ArctosDB / arctos

Arctos is a museum collections management system
https://arctos.database.museum
60 stars 13 forks source link

unsafe operator #5156

Closed dustymc closed 1 year ago

dustymc commented 1 year ago

https://arctos.database.museum/agents.cfm?agent_id=21346272

@wellerjes I don't want to interrupt anything but group accounts are not safe nor allowed and I'm going to nuke it - but I can wait a bit if you're in the middle of something.

https://handbook.arctosdb.org/documentation/users.html

dustymc commented 1 year ago

And https://arctos.database.museum/agents.cfm?agent_id=21346270

campmlc commented 1 year ago

Just checked, and this is for an iDigBio digitization event, and the permissions are just data entry and coldfusion user. I don't see how an event like this could be run without using something like this.

On Wed, Oct 12, 2022 at 12:55 PM dustymc @.***> wrote:

  • [EXTERNAL]*

https://arctos.database.museum/agents.cfm?agent_id=21346272

@wellerjes https://github.com/wellerjes I don't want to interrupt anything but group accounts are not safe nor allowed and I'm going to nuke it - but I can wait a bit if you're in the middle of something.
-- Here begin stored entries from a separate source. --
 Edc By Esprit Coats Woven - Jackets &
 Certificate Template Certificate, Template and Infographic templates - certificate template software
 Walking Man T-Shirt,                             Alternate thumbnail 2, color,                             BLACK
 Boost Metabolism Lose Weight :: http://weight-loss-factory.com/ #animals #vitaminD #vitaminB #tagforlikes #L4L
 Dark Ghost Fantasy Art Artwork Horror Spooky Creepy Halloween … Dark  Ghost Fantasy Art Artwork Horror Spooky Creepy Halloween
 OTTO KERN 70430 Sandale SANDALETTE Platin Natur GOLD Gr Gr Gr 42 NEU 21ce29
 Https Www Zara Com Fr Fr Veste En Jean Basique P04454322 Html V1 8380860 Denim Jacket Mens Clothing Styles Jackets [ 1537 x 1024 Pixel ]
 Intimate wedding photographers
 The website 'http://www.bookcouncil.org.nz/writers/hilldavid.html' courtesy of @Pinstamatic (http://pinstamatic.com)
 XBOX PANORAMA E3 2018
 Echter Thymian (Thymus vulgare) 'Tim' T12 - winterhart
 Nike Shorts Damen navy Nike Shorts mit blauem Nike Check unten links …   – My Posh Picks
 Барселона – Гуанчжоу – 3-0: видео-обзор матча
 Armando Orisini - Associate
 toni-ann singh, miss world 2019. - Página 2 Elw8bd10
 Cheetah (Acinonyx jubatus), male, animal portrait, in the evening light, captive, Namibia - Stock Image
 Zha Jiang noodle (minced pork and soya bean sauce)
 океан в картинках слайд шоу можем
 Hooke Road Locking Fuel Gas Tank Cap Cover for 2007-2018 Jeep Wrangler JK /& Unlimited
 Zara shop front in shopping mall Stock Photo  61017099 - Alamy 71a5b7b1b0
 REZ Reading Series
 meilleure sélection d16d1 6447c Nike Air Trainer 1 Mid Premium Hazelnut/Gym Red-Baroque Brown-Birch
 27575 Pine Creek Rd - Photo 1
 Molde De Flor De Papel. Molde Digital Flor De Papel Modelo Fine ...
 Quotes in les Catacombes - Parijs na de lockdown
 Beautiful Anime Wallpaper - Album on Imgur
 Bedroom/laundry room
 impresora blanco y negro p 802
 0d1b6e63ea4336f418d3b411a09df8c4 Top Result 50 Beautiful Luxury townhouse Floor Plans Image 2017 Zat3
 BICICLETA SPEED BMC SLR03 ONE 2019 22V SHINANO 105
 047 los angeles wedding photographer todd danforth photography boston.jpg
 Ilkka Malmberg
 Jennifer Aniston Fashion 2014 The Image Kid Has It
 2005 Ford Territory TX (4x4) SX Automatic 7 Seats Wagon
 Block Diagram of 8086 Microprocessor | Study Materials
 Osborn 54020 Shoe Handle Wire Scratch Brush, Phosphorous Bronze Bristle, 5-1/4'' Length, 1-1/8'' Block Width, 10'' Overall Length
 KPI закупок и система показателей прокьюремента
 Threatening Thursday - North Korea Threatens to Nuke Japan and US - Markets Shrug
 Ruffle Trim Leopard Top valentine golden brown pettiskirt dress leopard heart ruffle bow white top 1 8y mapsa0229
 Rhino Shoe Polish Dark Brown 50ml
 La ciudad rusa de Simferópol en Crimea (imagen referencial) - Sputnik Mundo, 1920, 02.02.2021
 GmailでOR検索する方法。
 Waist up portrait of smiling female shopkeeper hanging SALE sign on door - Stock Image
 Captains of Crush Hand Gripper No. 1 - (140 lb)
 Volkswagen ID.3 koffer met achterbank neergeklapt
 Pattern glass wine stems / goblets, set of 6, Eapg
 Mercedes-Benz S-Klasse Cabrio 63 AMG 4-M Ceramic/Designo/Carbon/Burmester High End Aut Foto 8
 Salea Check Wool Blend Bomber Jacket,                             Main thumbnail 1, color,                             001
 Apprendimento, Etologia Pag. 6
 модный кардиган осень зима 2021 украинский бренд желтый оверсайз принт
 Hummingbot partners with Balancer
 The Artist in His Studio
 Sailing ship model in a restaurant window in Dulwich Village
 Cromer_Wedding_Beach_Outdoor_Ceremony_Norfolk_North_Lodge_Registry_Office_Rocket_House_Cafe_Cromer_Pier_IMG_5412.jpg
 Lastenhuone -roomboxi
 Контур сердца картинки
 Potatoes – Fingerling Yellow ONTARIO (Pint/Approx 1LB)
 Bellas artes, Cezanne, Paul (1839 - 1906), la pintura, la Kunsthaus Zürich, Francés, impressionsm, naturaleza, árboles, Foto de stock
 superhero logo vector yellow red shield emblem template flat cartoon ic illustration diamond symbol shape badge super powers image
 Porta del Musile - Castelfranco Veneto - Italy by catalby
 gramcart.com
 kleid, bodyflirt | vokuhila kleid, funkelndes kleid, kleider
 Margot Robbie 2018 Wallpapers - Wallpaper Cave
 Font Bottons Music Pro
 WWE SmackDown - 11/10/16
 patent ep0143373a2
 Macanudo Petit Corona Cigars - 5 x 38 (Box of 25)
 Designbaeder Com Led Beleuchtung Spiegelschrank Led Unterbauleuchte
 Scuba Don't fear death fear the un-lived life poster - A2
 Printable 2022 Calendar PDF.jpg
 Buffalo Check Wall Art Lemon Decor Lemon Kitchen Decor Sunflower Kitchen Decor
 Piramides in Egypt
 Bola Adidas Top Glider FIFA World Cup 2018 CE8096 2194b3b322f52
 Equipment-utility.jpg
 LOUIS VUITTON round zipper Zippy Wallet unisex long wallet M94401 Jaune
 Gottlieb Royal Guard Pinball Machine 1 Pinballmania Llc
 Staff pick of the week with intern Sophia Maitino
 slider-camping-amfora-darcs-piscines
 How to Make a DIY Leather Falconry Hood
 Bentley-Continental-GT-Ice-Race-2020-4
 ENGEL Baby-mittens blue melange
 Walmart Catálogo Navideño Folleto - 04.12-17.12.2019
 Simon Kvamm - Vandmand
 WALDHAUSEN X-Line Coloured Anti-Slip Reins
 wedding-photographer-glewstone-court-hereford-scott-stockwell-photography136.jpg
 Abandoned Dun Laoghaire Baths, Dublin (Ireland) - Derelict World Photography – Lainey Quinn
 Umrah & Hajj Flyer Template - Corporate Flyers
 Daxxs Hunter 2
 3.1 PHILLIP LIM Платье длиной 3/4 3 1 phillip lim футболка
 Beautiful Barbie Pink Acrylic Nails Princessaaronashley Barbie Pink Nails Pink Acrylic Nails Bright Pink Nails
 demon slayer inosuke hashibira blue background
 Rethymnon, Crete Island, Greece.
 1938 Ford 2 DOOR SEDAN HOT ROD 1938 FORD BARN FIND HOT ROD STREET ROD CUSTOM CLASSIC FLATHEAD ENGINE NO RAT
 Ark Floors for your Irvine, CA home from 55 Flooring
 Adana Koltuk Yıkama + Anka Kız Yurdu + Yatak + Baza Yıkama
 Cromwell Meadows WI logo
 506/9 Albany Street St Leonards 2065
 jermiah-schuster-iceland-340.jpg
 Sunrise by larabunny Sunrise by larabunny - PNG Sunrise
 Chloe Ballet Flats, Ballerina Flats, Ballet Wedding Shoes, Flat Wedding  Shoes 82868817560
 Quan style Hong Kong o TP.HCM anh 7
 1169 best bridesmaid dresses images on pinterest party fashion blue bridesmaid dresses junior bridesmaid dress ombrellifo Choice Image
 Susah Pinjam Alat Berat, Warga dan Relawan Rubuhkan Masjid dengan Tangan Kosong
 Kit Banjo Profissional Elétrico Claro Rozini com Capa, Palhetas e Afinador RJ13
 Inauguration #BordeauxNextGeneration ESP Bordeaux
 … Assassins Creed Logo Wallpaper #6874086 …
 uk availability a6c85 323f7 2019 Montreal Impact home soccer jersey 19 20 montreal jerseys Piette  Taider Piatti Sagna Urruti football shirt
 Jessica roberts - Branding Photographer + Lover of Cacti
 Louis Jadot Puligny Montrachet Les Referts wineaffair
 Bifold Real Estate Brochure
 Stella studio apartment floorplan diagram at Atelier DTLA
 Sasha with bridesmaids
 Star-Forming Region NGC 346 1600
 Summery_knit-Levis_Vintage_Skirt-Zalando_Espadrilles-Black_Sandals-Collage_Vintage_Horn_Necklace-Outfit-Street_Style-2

https://handbook.arctosdb.org/documentation/users.html

— Reply to this email directly, view it on GitHub https://github.com/ArctosDB/arctos/issues/5156, or unsubscribe https://github.com/notifications/unsubscribe-auth/ADQ7JBE6OG6HC5D3MGITZ4LWC4CRRANCNFSM6AAAAAARDSBD3E . You are receiving this because you are subscribed to this thread.Message ID: @.***>

campmlc commented 1 year ago

I support allowing these types of agent/operators with very limited permissions- otherwise we would have to exclude Arctos collections from being able to participate in these kinds of events.

On Wed, Oct 12, 2022 at 1:01 PM Mariel Campbell @.***> wrote:

Just checked, and this is for an iDigBio digitization event, and the permissions are just data entry and coldfusion user. I don't see how an event like this could be run without using something like this.

On Wed, Oct 12, 2022 at 12:55 PM dustymc @.***> wrote:

  • [EXTERNAL]*

https://arctos.database.museum/agents.cfm?agent_id=21346272

@wellerjes https://github.com/wellerjes I don't want to interrupt anything but group accounts are not safe nor allowed and I'm going to nuke it - but I can wait a bit if you're in the middle of something.

https://handbook.arctosdb.org/documentation/users.html

— Reply to this email directly, view it on GitHub https://github.com/ArctosDB/arctos/issues/5156, or unsubscribe https://github.com/notifications/unsubscribe-auth/ADQ7JBE6OG6HC5D3MGITZ4LWC4CRRANCNFSM6AAAAAARDSBD3E . You are receiving this because you are subscribed to this thread.Message ID: @.***>

dustymc commented 1 year ago

This is primarily a security issue. Support in the form of addressing that is most welcome.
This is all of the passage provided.